Middle school students are fascinated with Surrealism. They love the startling images of Rene Magritte and the disturbing paintings of Salvador Dali. Middle school students are dreamers, and fantasy is a daily experience. To introduce Surrealism to my students, I show them a video about Dali. I fill the artroom with prints of the works of Dali, Magritte and Ernst, as well as works by other artists who influenced or were influenced by the Surrealists, such as Chagall and de Chirico. Slides of works by these artists and students artists are viewed and discussed.

To help students gain a better understanding of this movement, and to help them develop their own ideas, I break Surrealism into four categories: 1. Dreams or Nightmares

(Daydreams count too.); 2. Realistic Objects Placed in

Unusual Settings; 3. Realistic Objects Given

Unnatural Characteristics; 4. Pure Fantasy.

The students are asked to think about these four categories as a basis for a pencil value drawing. Compositions are required to demonstrate awareness of foreground, middle ground and background, and we review the importance of size relationships. Students are asked to experiment with three to five thumbnails in their sketchbooks. They are encouraged to work out ideas in their thumbnail sketches and develop concepts in different categories.

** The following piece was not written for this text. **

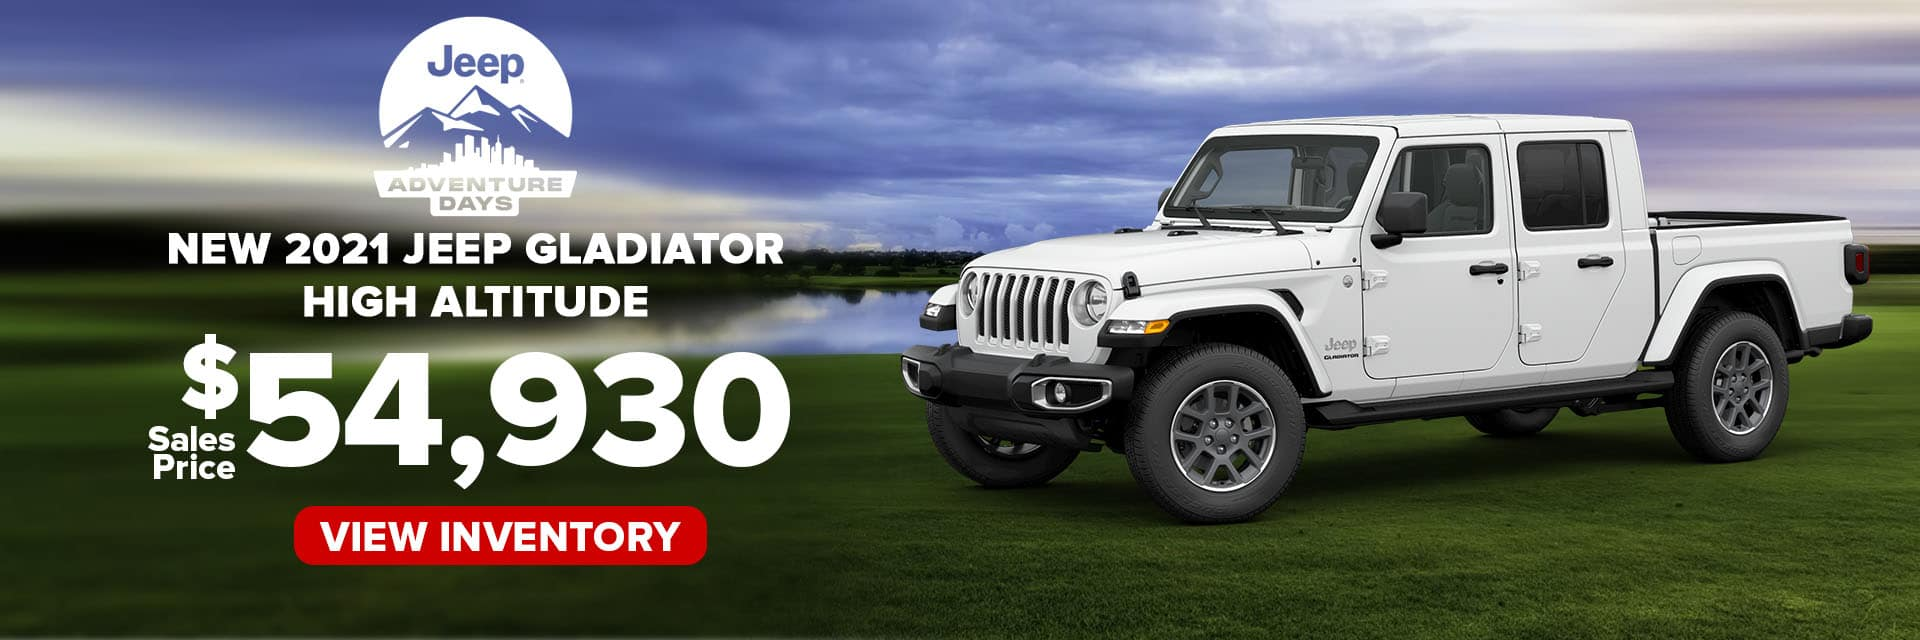 SLCJ-October 2021-2021 Jeep Gladiator copy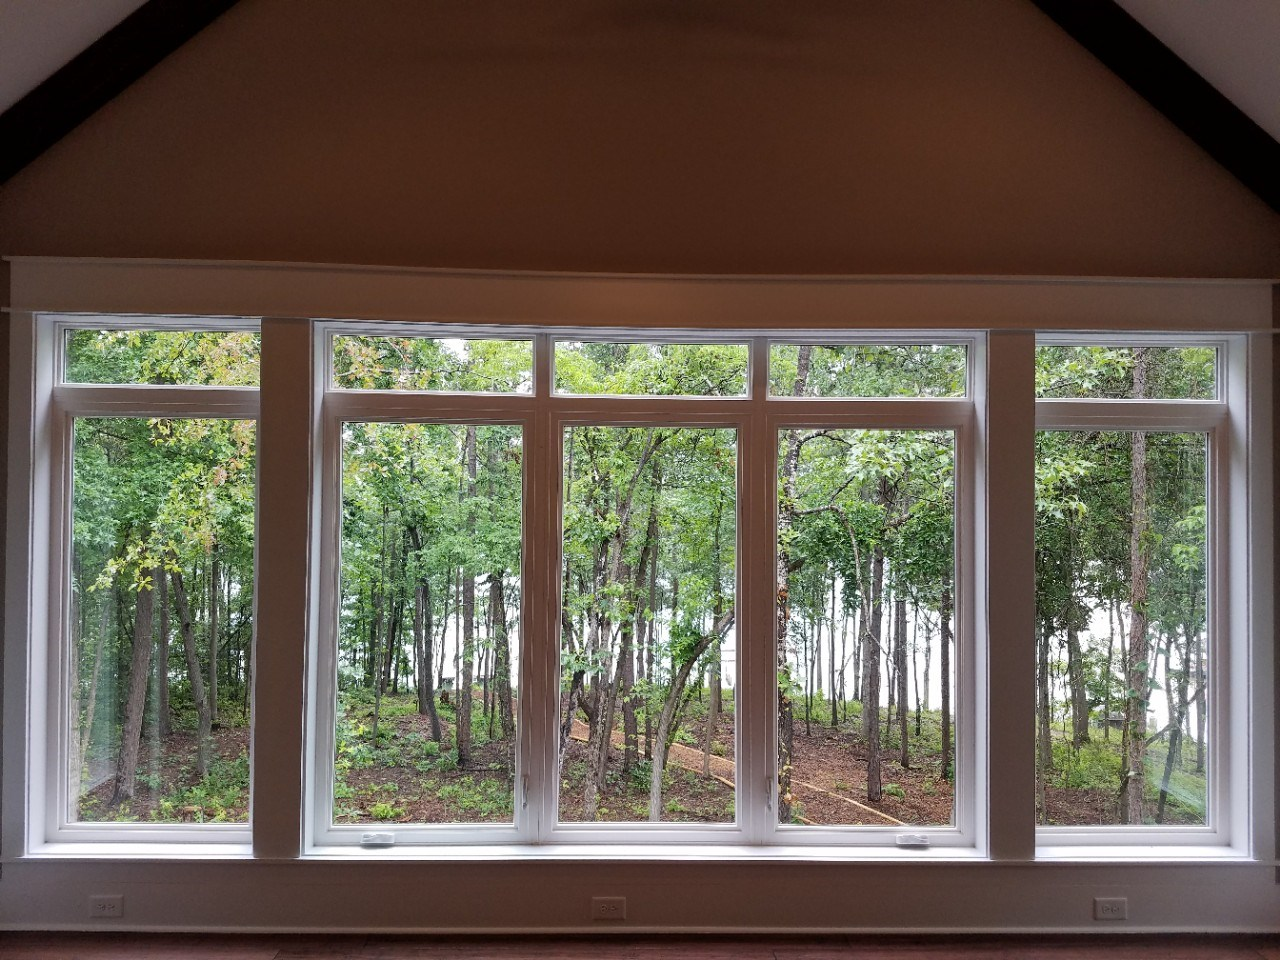 Johnson large window view

After the drawing pencils are distributed, the students create a value scale of 1" (2.54 cm) squares, using six different values from white to black with grays in between. Following an individual student-teacher conference examining their thumbnail sketches, a selection of each student's best idea is made. Compositions begin on 12 x 18" (30 x 46 cm) white drawing paper, and work continues for about five to seven class periods. Throughout the drawing of their Surrealist works, students are encouraged to refer to their value scales to ensure a variety of values in their drawings. Values should be used to suggest form, space and texture. Students can use sharp contrasts in value for dramatic effects.

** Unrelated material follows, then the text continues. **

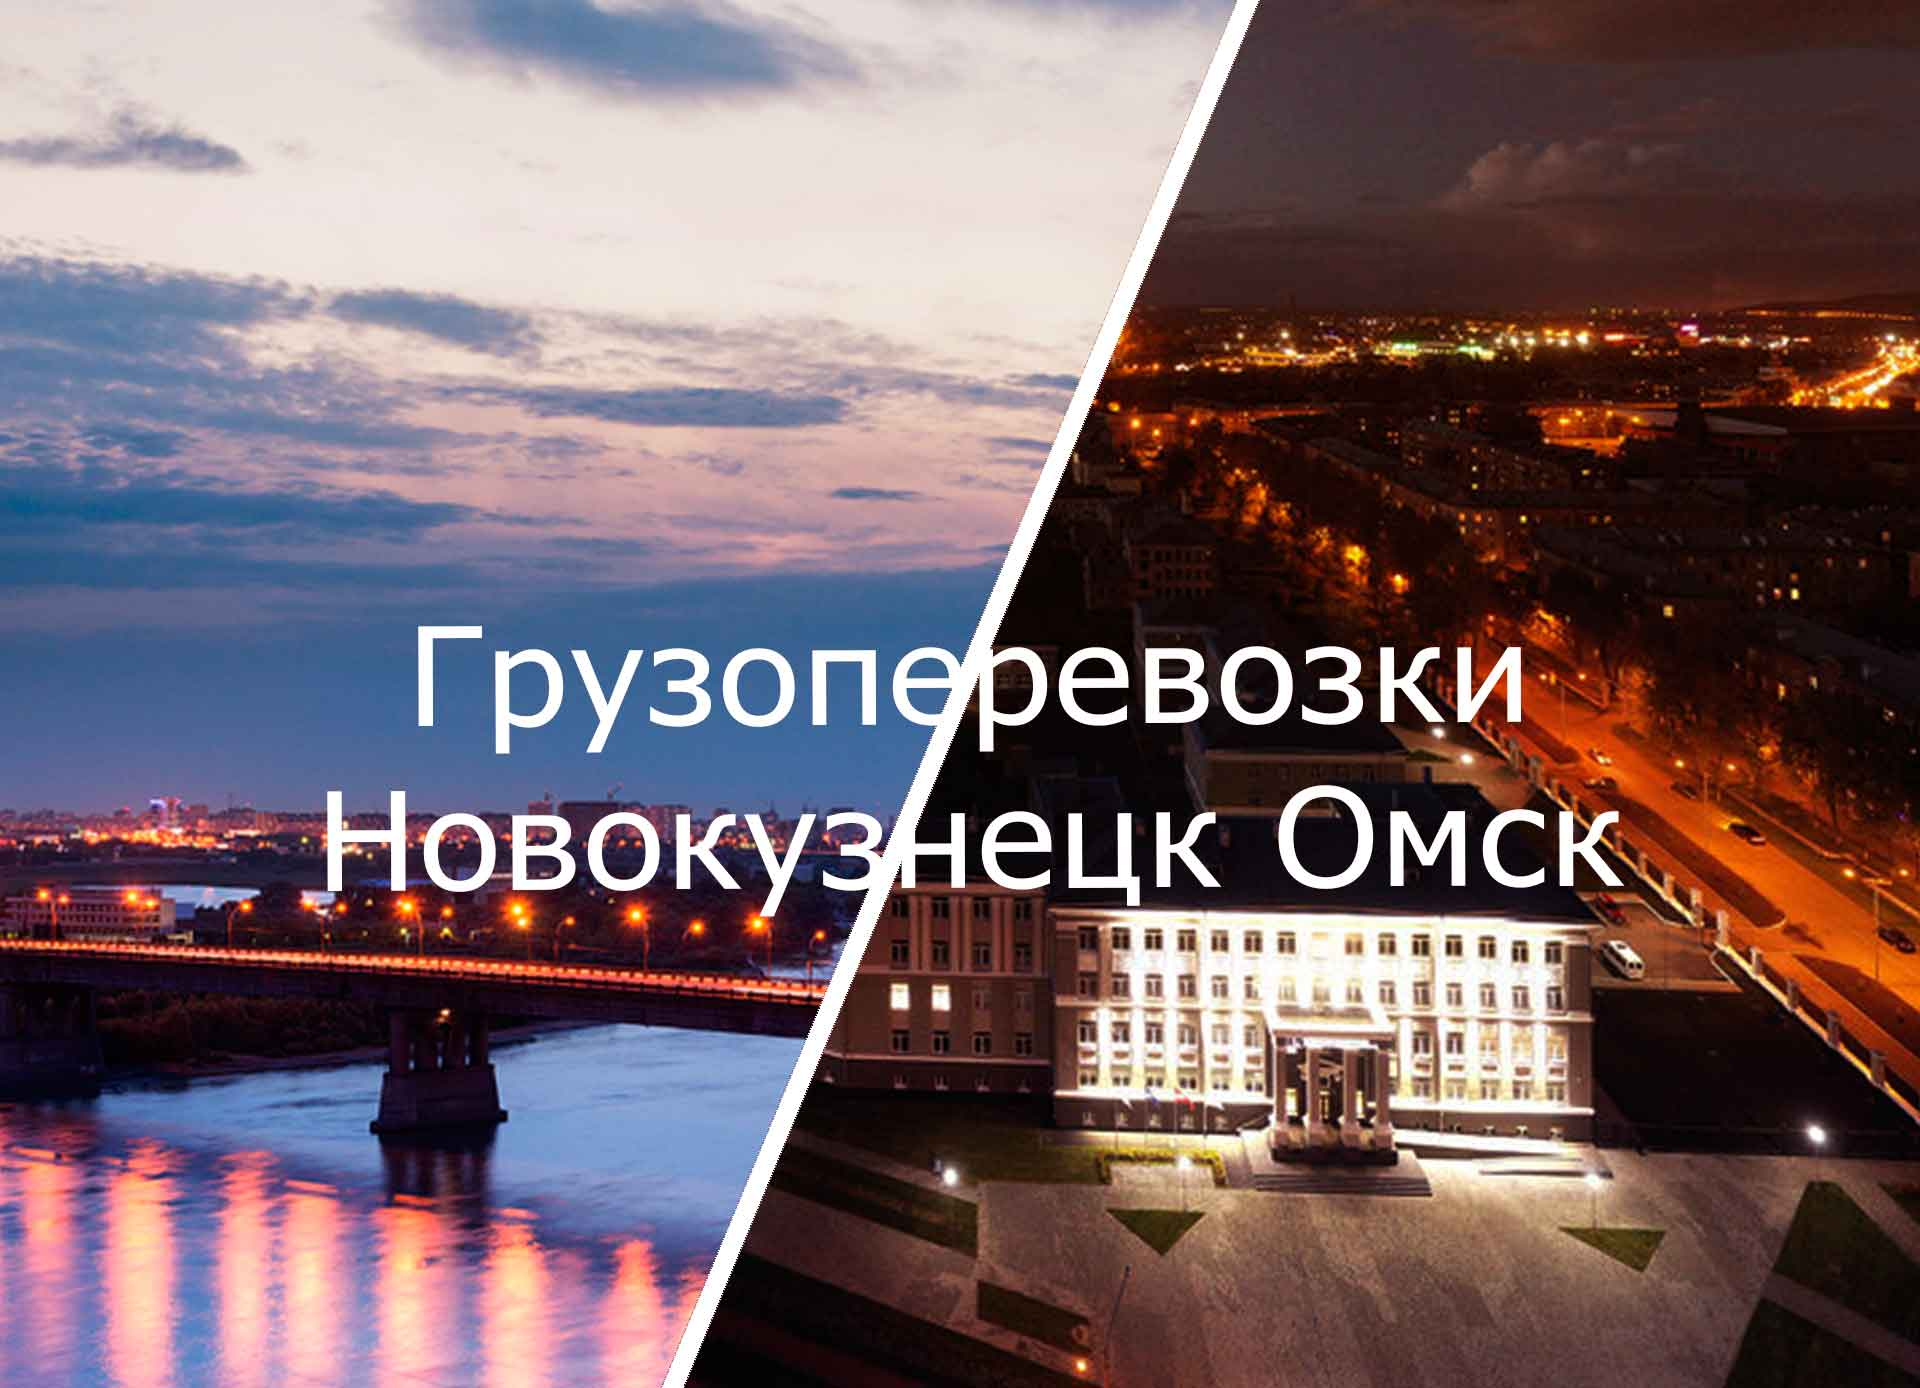 грузоперевозки новокузнецк омск

Critiques are held at various points, and a student-teacher assessment finishes the process of evaluation. Students are very excited with the finished results. Hallway displays produce lines of students studying these unique compositions.

The influence of this lesson frequently appears in other classes when students choose to include an element of fantasy in their clayworks, colored pencil drawings, paintings or sculpture. To unleash the imagination is a thrill for the creator as well as for the viewer. Perhaps your middle school class is ready for a trip into the subconscious. Beware--it's not for the faint of art!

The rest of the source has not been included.